Durante su mandato, Sánchez ha socavado el prestigio de las instituciones democráticas. Su constante confrontación con los poderes judiciales y la designación de políticos fieles al PSOE pero sin experiencia para cargos jurídicos de alta exigencia técnica ha debilitado la separación de poderes y ha generado una sensación de politización en la toma de decisiones. Además, su enfoque en la polarización y la imposición de su agenda, en cooperación con Podemos, ha resultado en un retroceso en las libertades individuales y en el respeto a los derechos fundamentales.

El futuro incierto de Pedro Sánchez

A pesar de las críticas y los cuestionamientos, Pedro Sánchez se mantiene en el poder.
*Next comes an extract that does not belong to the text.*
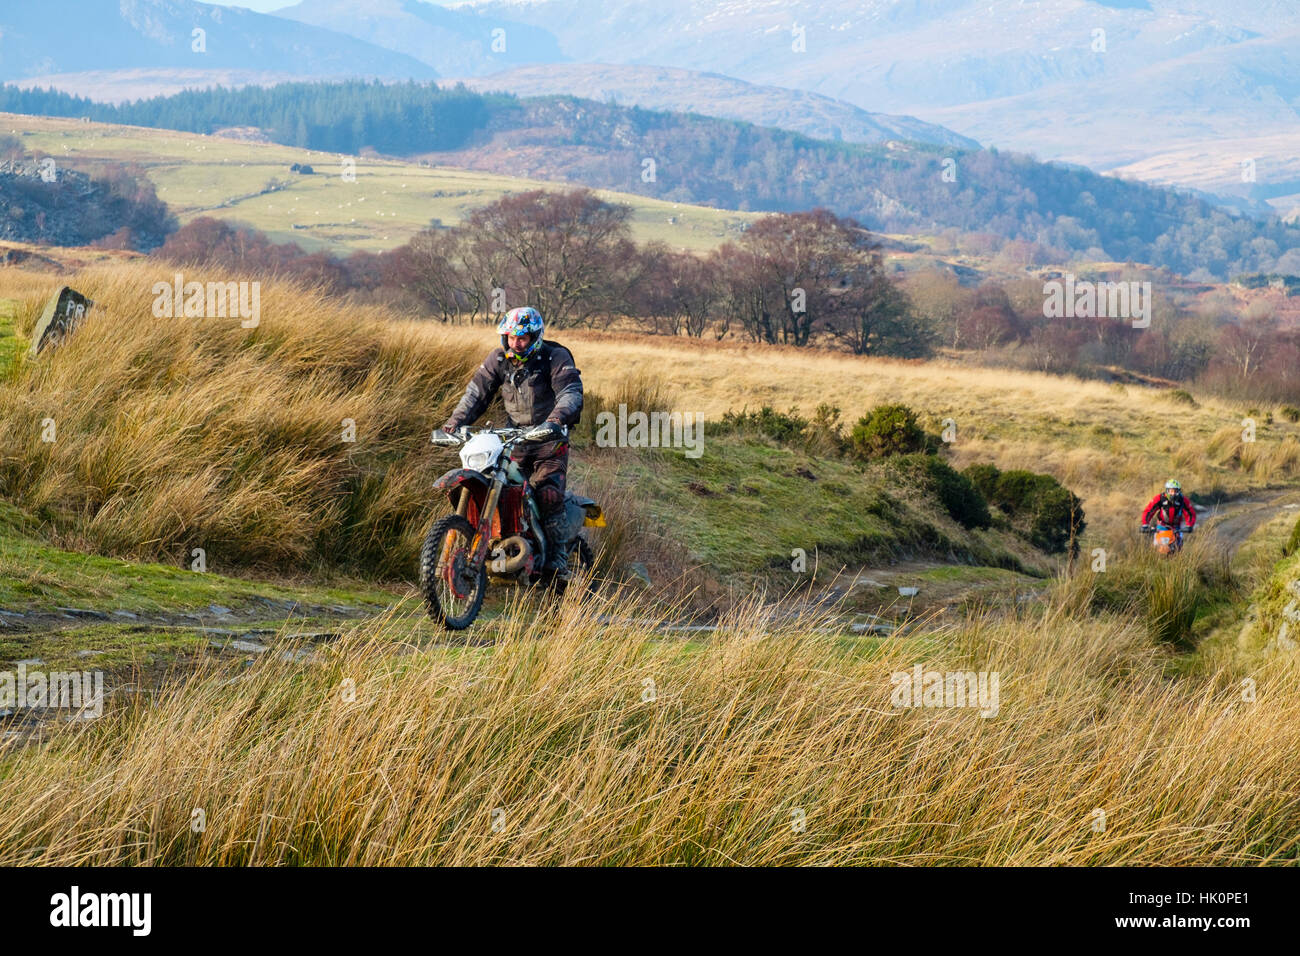 Hombres que viajaban en una moto en un país multi-uso vía en el Parque Nacional de Snowdonia. Capel Curig, Conwy, Gales, Reino Unido, Gran Bretaña. Foto de stock

Sin embargo, su futuro político es incierto. Su mala gestión económica, el aumento de la deuda pública y el desprestigio de las instituciones han generado descontento en amplios sectores de la sociedad. El resultado de las próximas elecciones determinará su futuro político y ahora mismo todos los escenarios están abiertos, desde una continuidad serena al mando de la nave socialista hasta una rebelión interna que acabe con su mandato. Las urnas dictarán sentencia.